Research Paper Volume 16, Issue 3 pp 2679—2701

Underlying mechanisms of novel cuproptosis-related dihydrolipoamide branched-chain transacylase E2 (DBT) signature in sunitinib-resistant clear-cell renal cell carcinoma

Shiue-Wei Lai1, *, , Pei-Wei Weng2,3,4, , Vijesh Kumar Yadav5, , Narpati Wesa Pikatan5, , Chi-Tai Yeh5,6, , Ming-Shou Hsieh7,8, *, , Chu-Lin Chou9,10,11,12, ,

  • 1 Division of Hematology/Oncology, Department of Internal Medicine, Tri-service General Hospital, National Defense Medical Center, Taipei, Taiwan
  • 2 Department of Orthopaedics, School of Medicine, College of Medicine, Taipei Medical University, Taipei, Taiwan
  • 3 Department of Orthopaedics, Shuang Ho Hospital, Taipei Medical University, New Taipei City, Taiwan
  • 4 Graduate Institute of Biomedical Materials and Tissue Engineering, College of Biomedical Engineering, Taipei Medical University, Taipei, Taiwan
  • 5 Department of Medical Research, Taipei Medical University Shuang-Ho Hospital, Taipei, Taiwan
  • 6 Continuing Education Program of Food Biotechnology Applications, College of Science and Engineering, National Taitung University, Taitung, Taiwan
  • 7 Department of Dentistry, Taipei Medical University-Shuang Ho Hospital, New Taipei City, Taiwan
  • 8 School of Dentistry, College of Oral Medicine, Taipei Medical University, Taipei City, Taiwan
  • 9 Division of Nephrology, Department of Internal Medicine, School of Medicine, College of Medicine, Taipei Medical University, Taipei, Taiwan
  • 10 Taipei Medical University-Research Center of Urology and Kidney, Taipei Medical University, Taipei, Taiwan
  • 11 Division of Nephrology, Department of Internal Medicine, Shuang Ho Hospital, Taipei Medical University, New Taipei, Taiwan
  • 12 Division of Nephrology, Department of Internal Medicine, Hsin Kuo Min Hospital, Taipei Medical University, Taoyuan City, Taiwan
* Equal contribution

Received: May 23, 2023       Accepted: November 30, 2023       Published: February 1, 2024      

https://doi.org/10.18632/aging.205504
How to Cite

Copyright: © 2024 Lai et al. This is an open access article distributed under the terms of the Creative Commons Attribution License (CC BY 4.0), which permits unrestricted use, distribution, and reproduction in any medium, provided the original author and source are credited.

Abstract

Renal cell carcinoma (RCC) is the predominant form of malignant kidney cancer. Sunitinib, a primary treatment for advanced, inoperable, recurrent, or metastatic RCC, has shown effectiveness in some patients but is increasingly limited by drug resistance.
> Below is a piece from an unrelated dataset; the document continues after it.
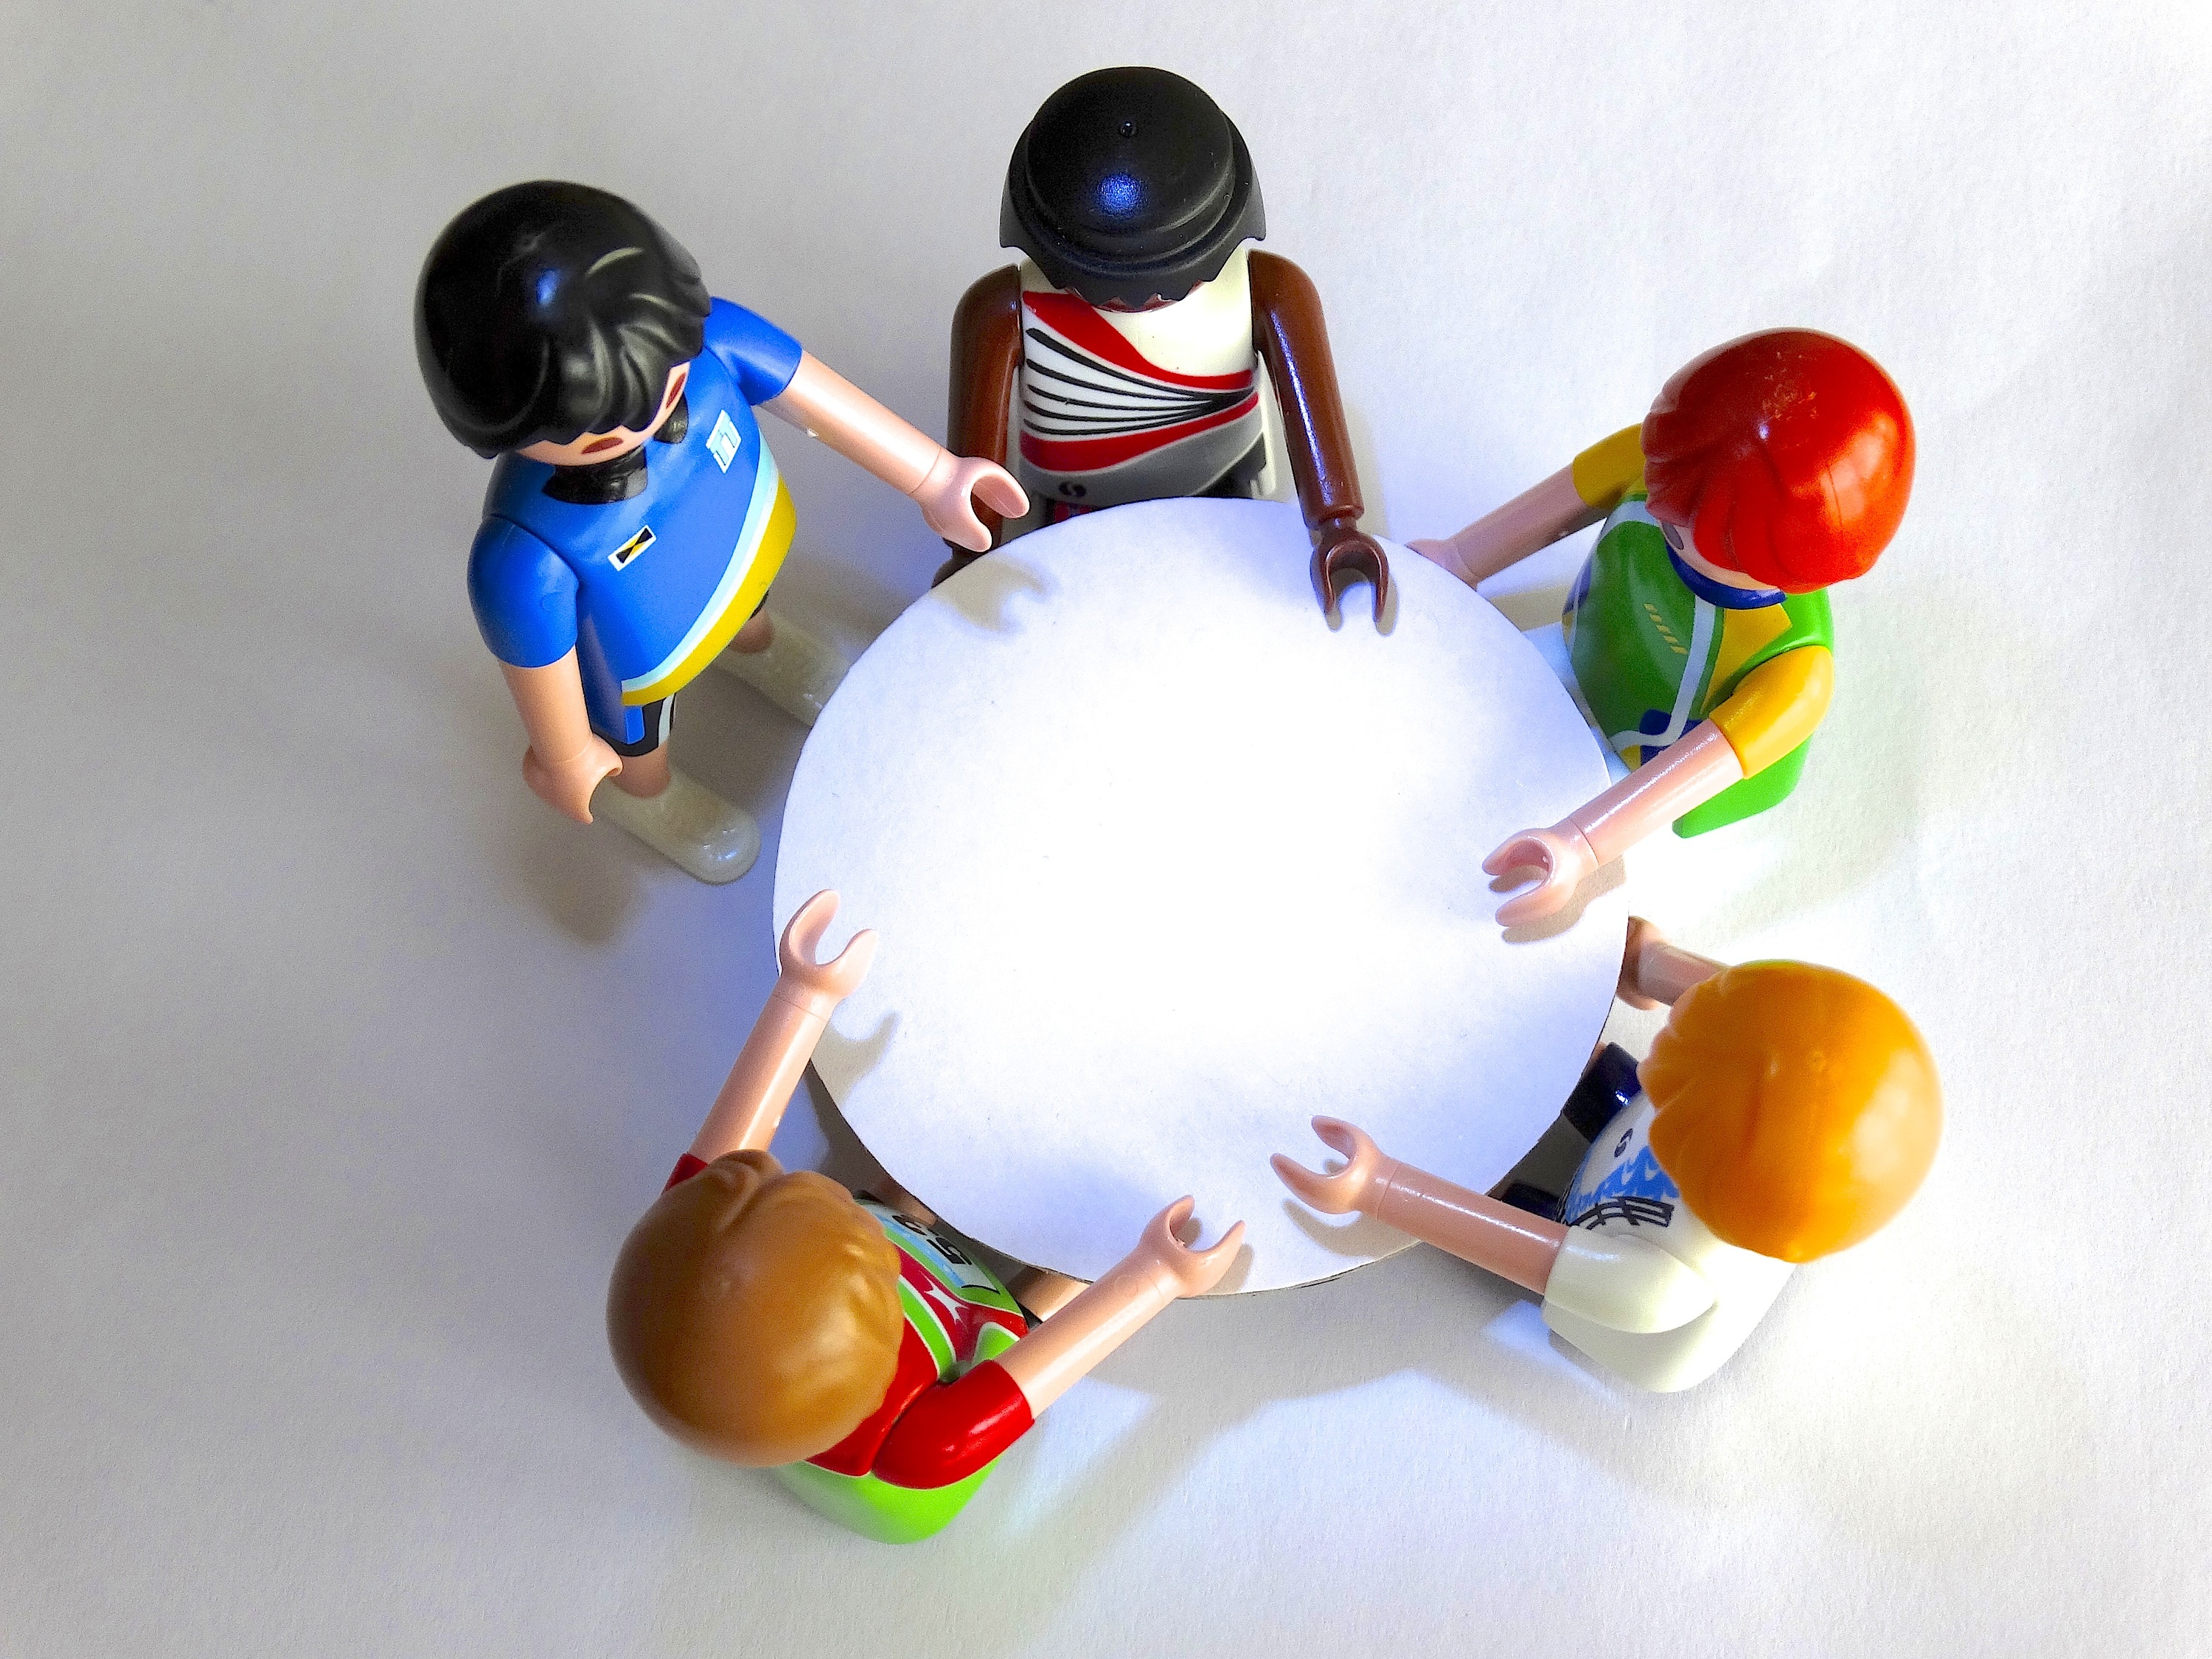 Small, lego figurines in a circle around a mini table.

Recently identified cuproptosis, a copper-ion-dependent form of programmed cell death, holds promise in combating cancer, particularly drug-resistant types. However, its effectiveness in treating drug resistant RCC remains to be determined. Exploring cuproptosis's regulatory mechanisms could enhance RCC treatment strategies. Our analysis of data from the GEO and TCGA databases showed that the cuproptosis-related gene DBT is markedly under expressed in RCC tissues, correlating with worse prognosis and disease progression. In our study, we investigated copper CRGs in ccRCC, noting substantial expression differences, particularly in advanced-stage tumors. We established a connection between CRG expression levels and patient survival, positioning CRGs as potential therapeutic targets for ccRCC. In drug resistant RCC cases, we found distinct expression patterns for DBT and GLS CRGs, linked to treatment resistance. Our experiments demonstrated that increasing DBT expression significantly reduces RCC cell growth and spread, underscoring its potential as a therapeutic target. This research sheds new light on the role of CRGs in ccRCC and their impact on drug resistance.

Abbreviations

Atox1: antioxidant-1; DLAT: dihydrolipoyllysine-residue acetyltransferase; DBT: dihydrolipoamide branched-chain transacylase E2; RCC: Renal cell carcinoma; CKD: chronic kidney disease; ccRCC: clear-cell RCC; pRCC: papillary RCC; chRCC: chromophobe RCC; MAPLK: mitogen-activated protein kinase; VEGF: vascular endothelial growth factor; TKIs: tyrosine kinase inhibitors; TNM: tumor, node, and metastasis.